In actual practice the terms are frequently used interchangeably. As an example, Larry Dean Olsen's book is called "Outdoor Survival Skills" which is the quintessential bushcraft book. However the term "survival," like so many words, has multiple meanings and is highly dependent on context for it's actual meaning. For instance, if you are washed overboard at sea in the arctic ocean, I don't think your ability to survive that experience would generally be classified as bushcraft, would it? A pilot during a war who is shot down behind enemies lines and relies on stealing, artifice, combat, and concealment to survive would not be called a bushcrafter would he/she?

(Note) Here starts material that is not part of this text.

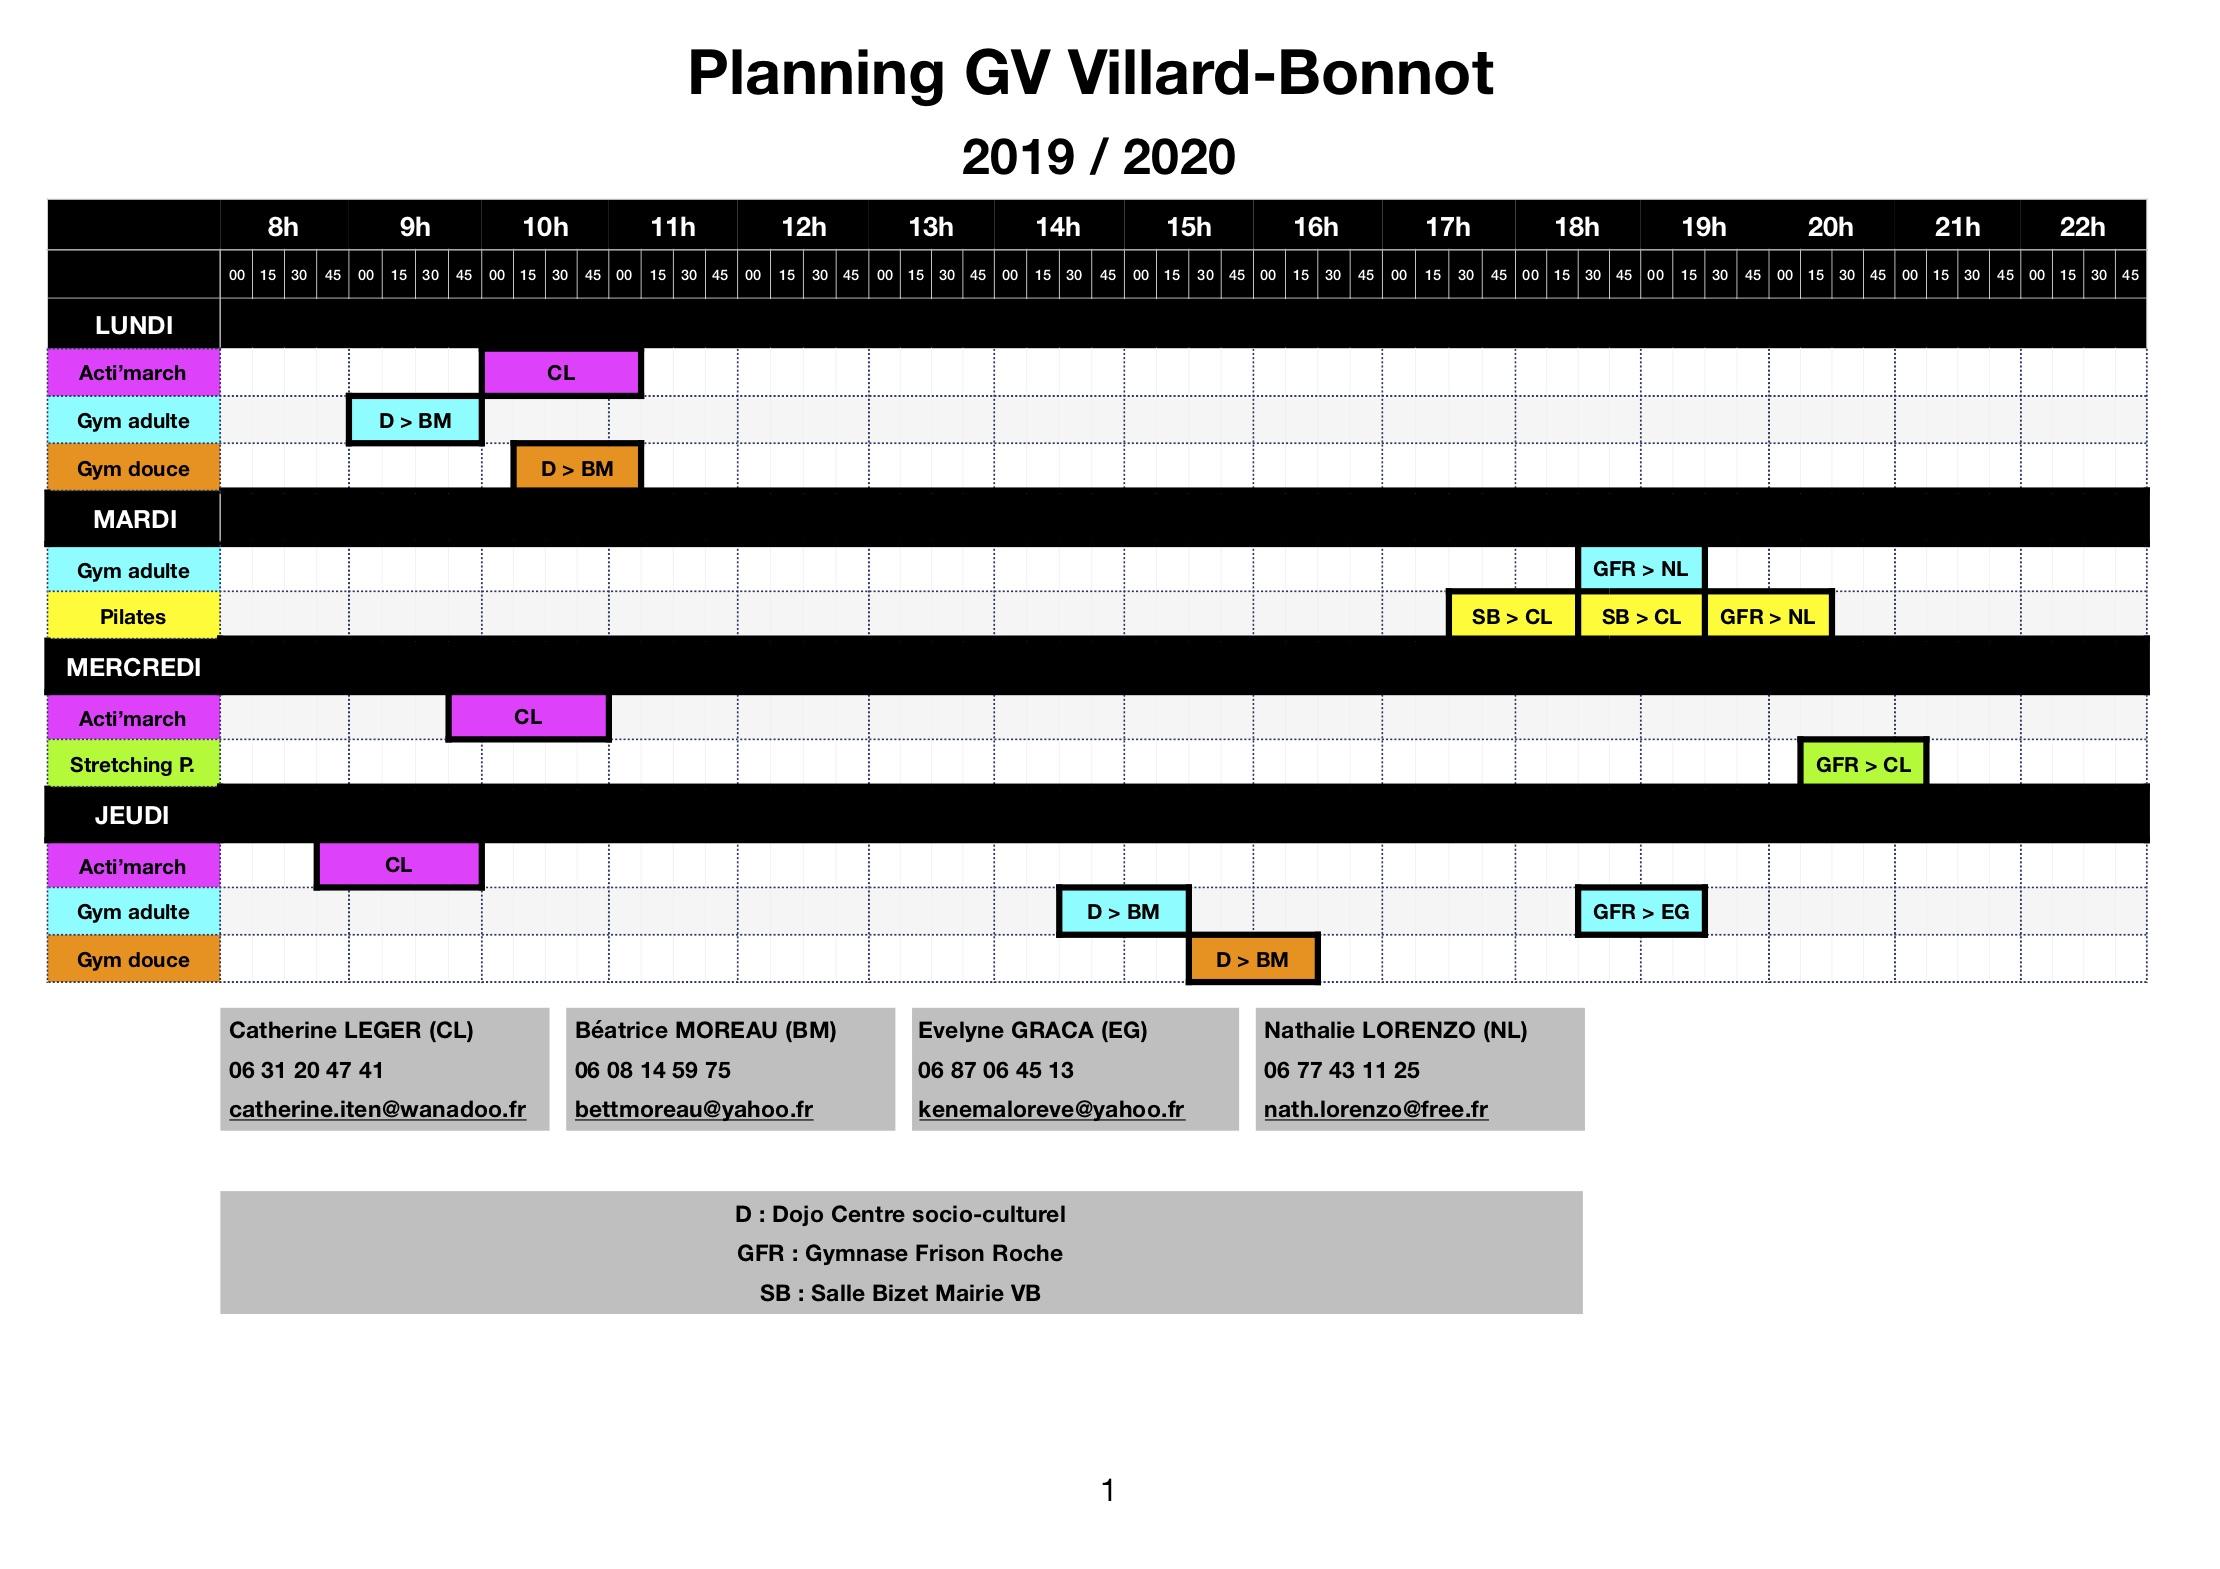 GV VB _ 2019-2020 _ PLANNING GÉNÉRAL DES COURS.jpg
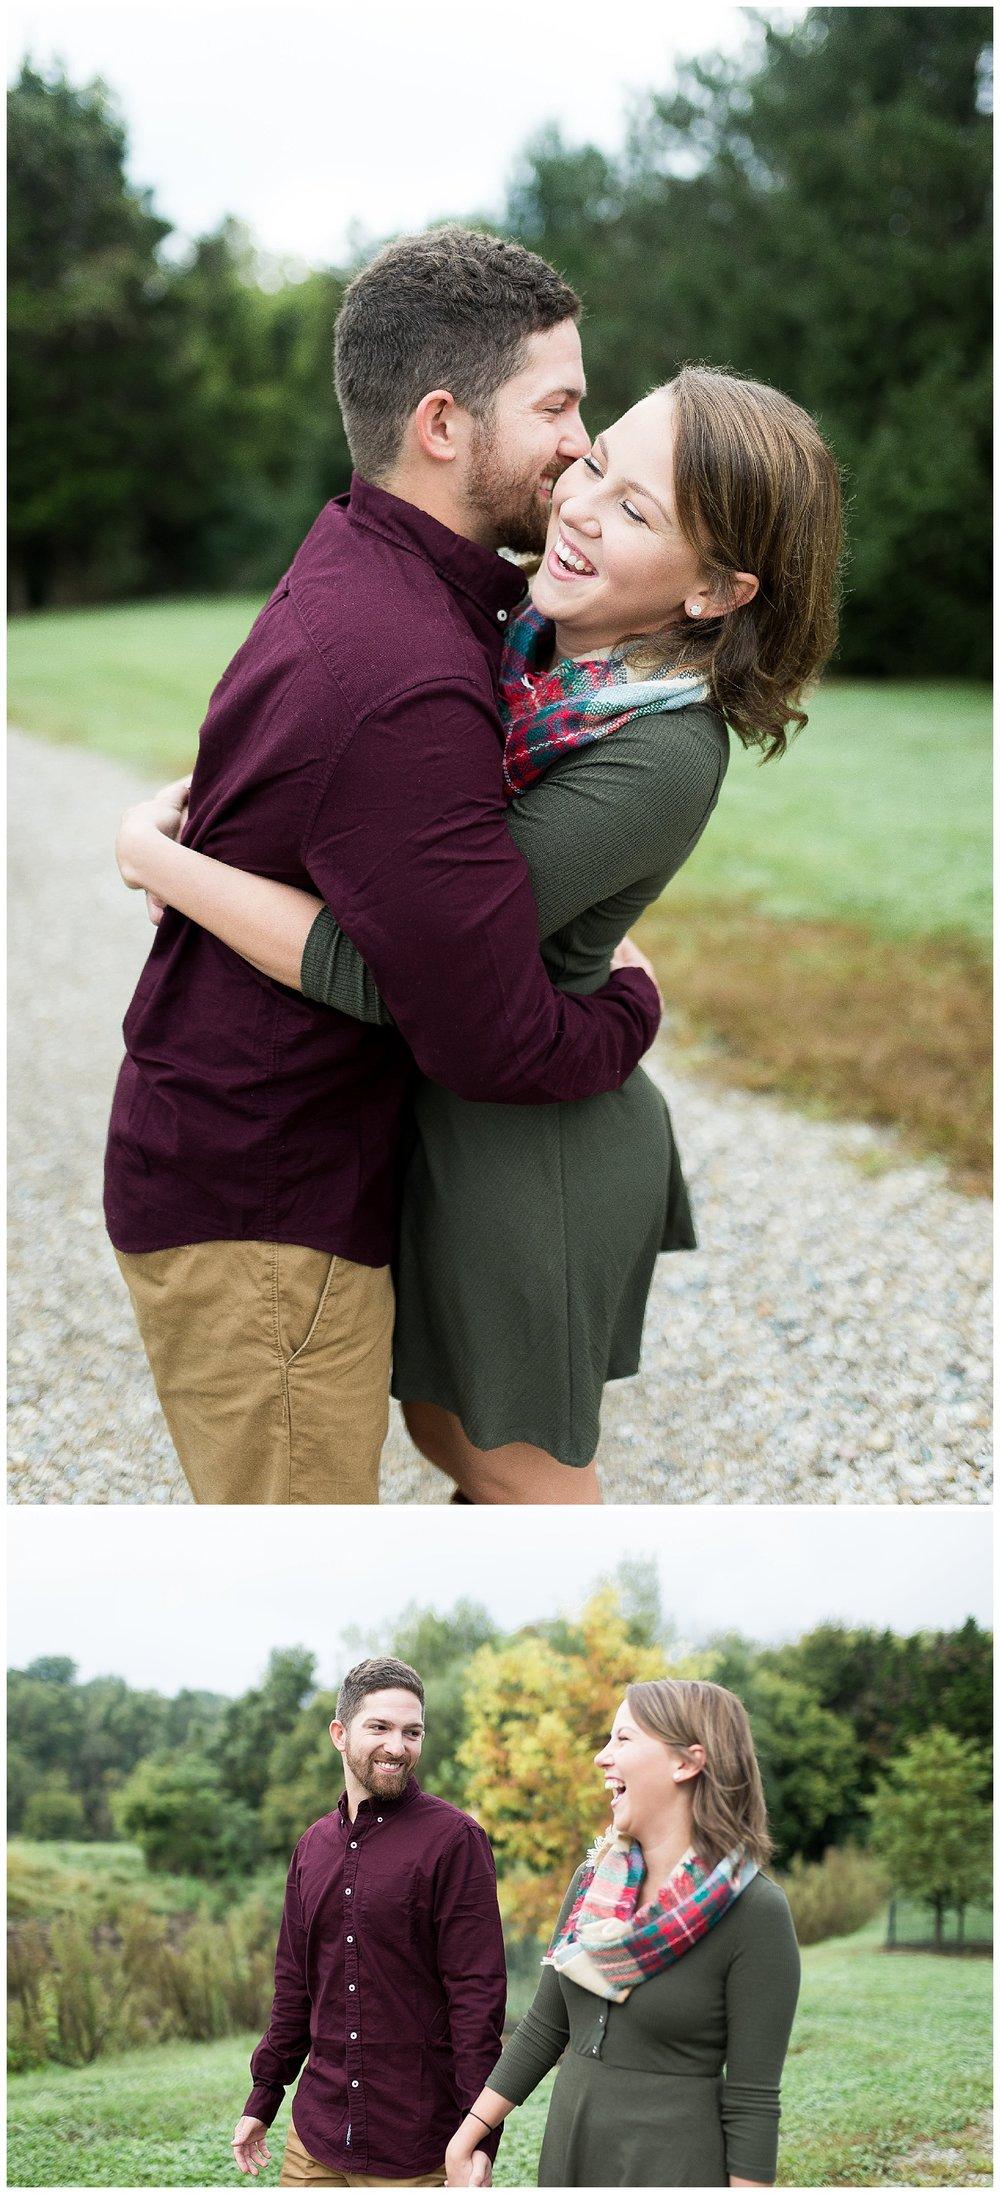 everleigh-photography-cincinnati-wedding-photographer-best-moments-of-2016-cincinnati-wedding-cincinnati-weddings-84

I think the term bushcraft is less broadly defined. However my first exposure to the term bushcraft was from Richard Graves' book "Bushcraft" subtitled "A Serious Guide to Survival and Camping." Yet the book itself is more bushcrafty than "survival."
Maybe one of the best ways to draw the distinction is to look at various books.
Books like Olsen's, Graves, McPherson's and Ellsworth Jaeger's for instance (with minor exceptions), fall clearly in the total Bushcraft category. Mears' "Bushcraft," with his emphasis on modern kit items is a little less so and books like "How To Stay Alive in the Woods," by Angier or Rutstrum's "The New Way of the Wilderness" and Kephart's "Camping and Woodcraft" fall into the middle range. On the survival side, I reckon the classics of the genre would be the military survival manuals like the US Army Survival Manual (FM-76) and the US Air Force Search and Rescue Survival manuals (AFM 64-4 and 64-5).